:: Task instructions ::
In the entries below, find the line with "Blog – Ideas a su manera" and the line with "Waldo Caldwell House", then retype both and everything between them exactly. Do not copy the pictures.

:: Source material ::
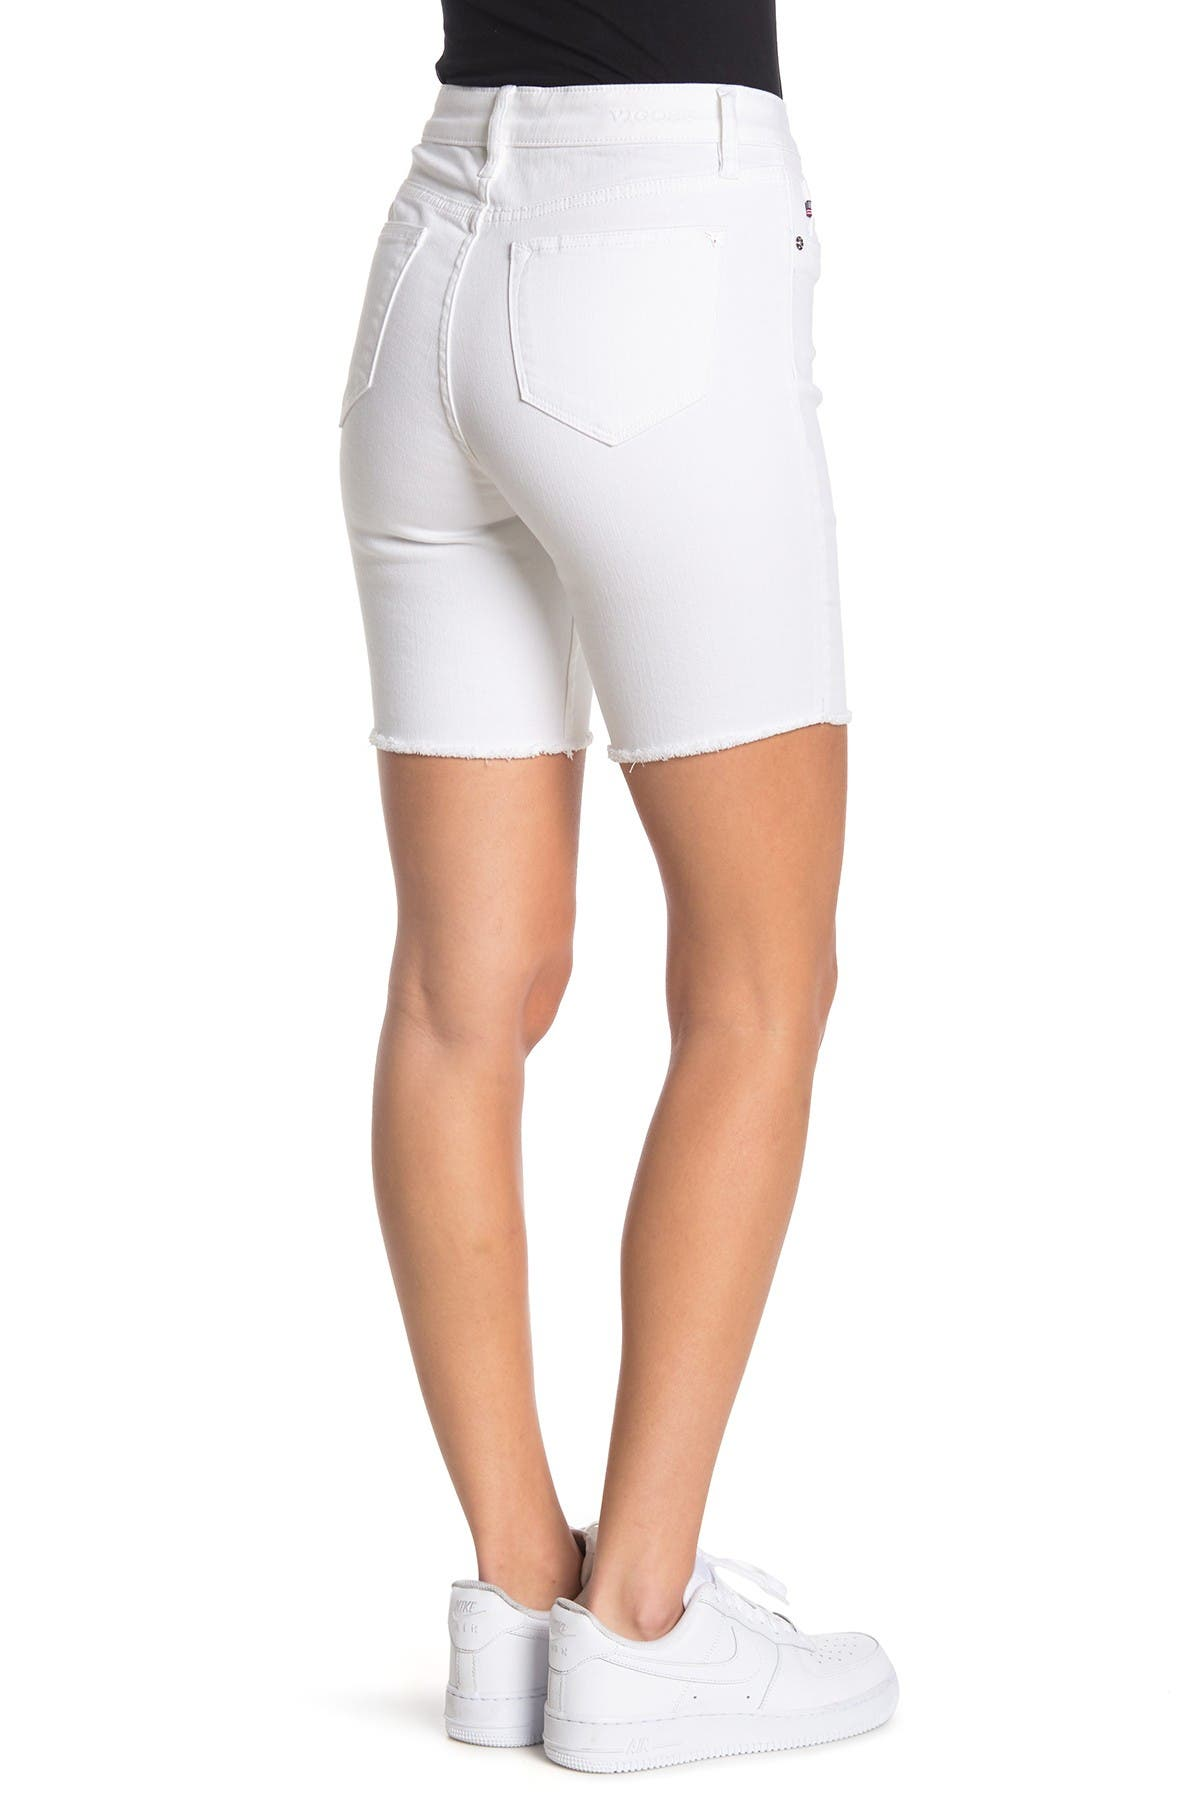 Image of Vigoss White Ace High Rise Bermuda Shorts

...

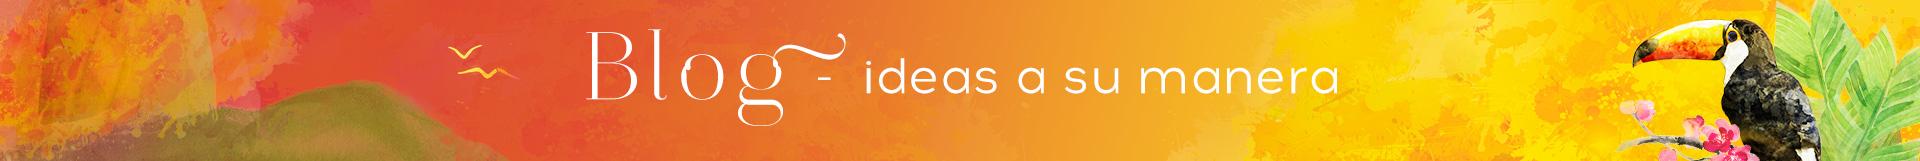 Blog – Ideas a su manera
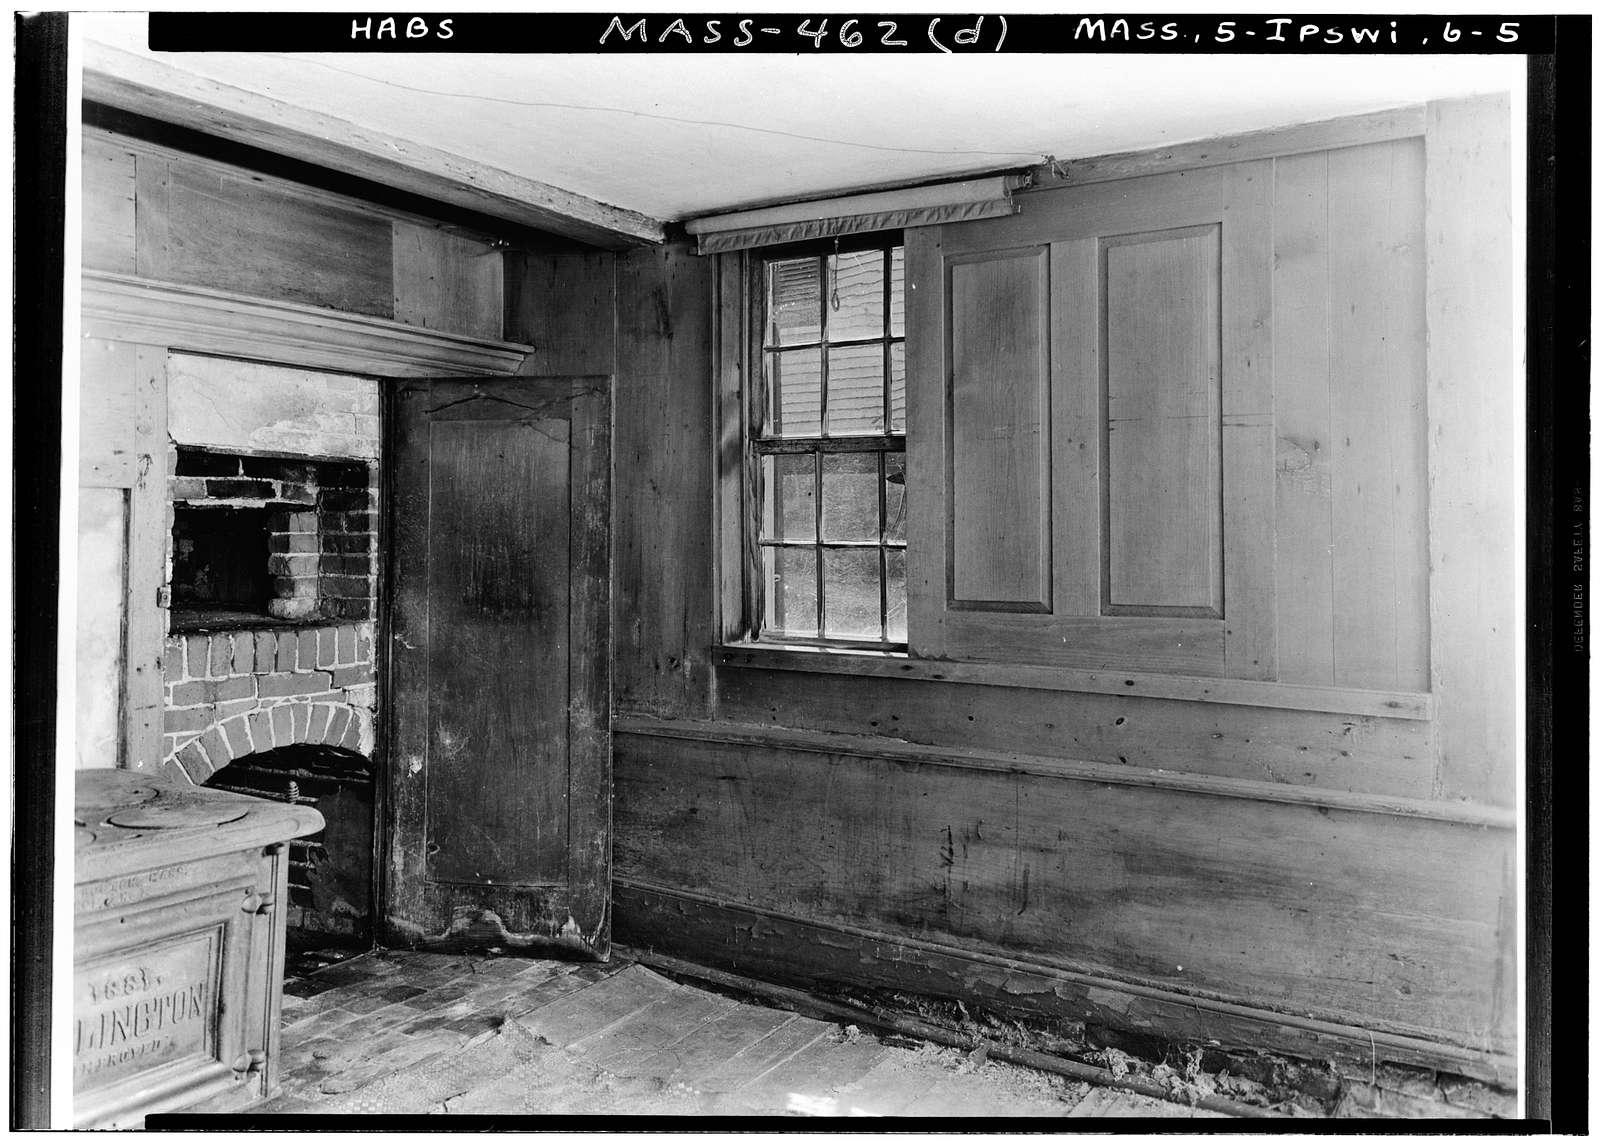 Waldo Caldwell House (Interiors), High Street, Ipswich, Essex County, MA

==

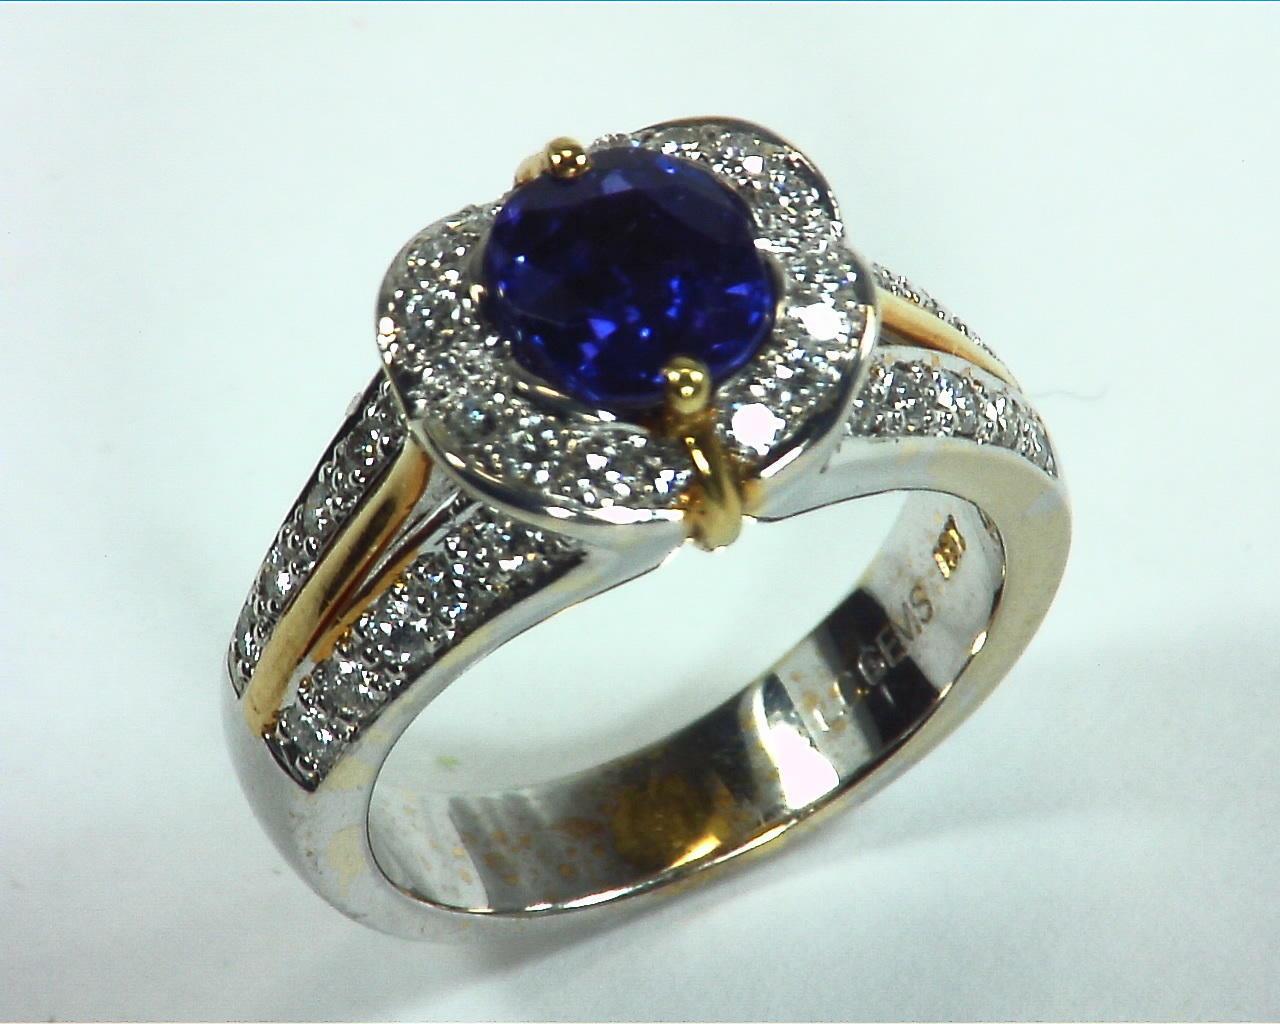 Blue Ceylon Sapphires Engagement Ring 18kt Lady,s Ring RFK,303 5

:: Your solution ::
 Blog – Ideas a su manera
 Waldo Caldwell House (Interiors), High Street, Ipswich, Essex County, MA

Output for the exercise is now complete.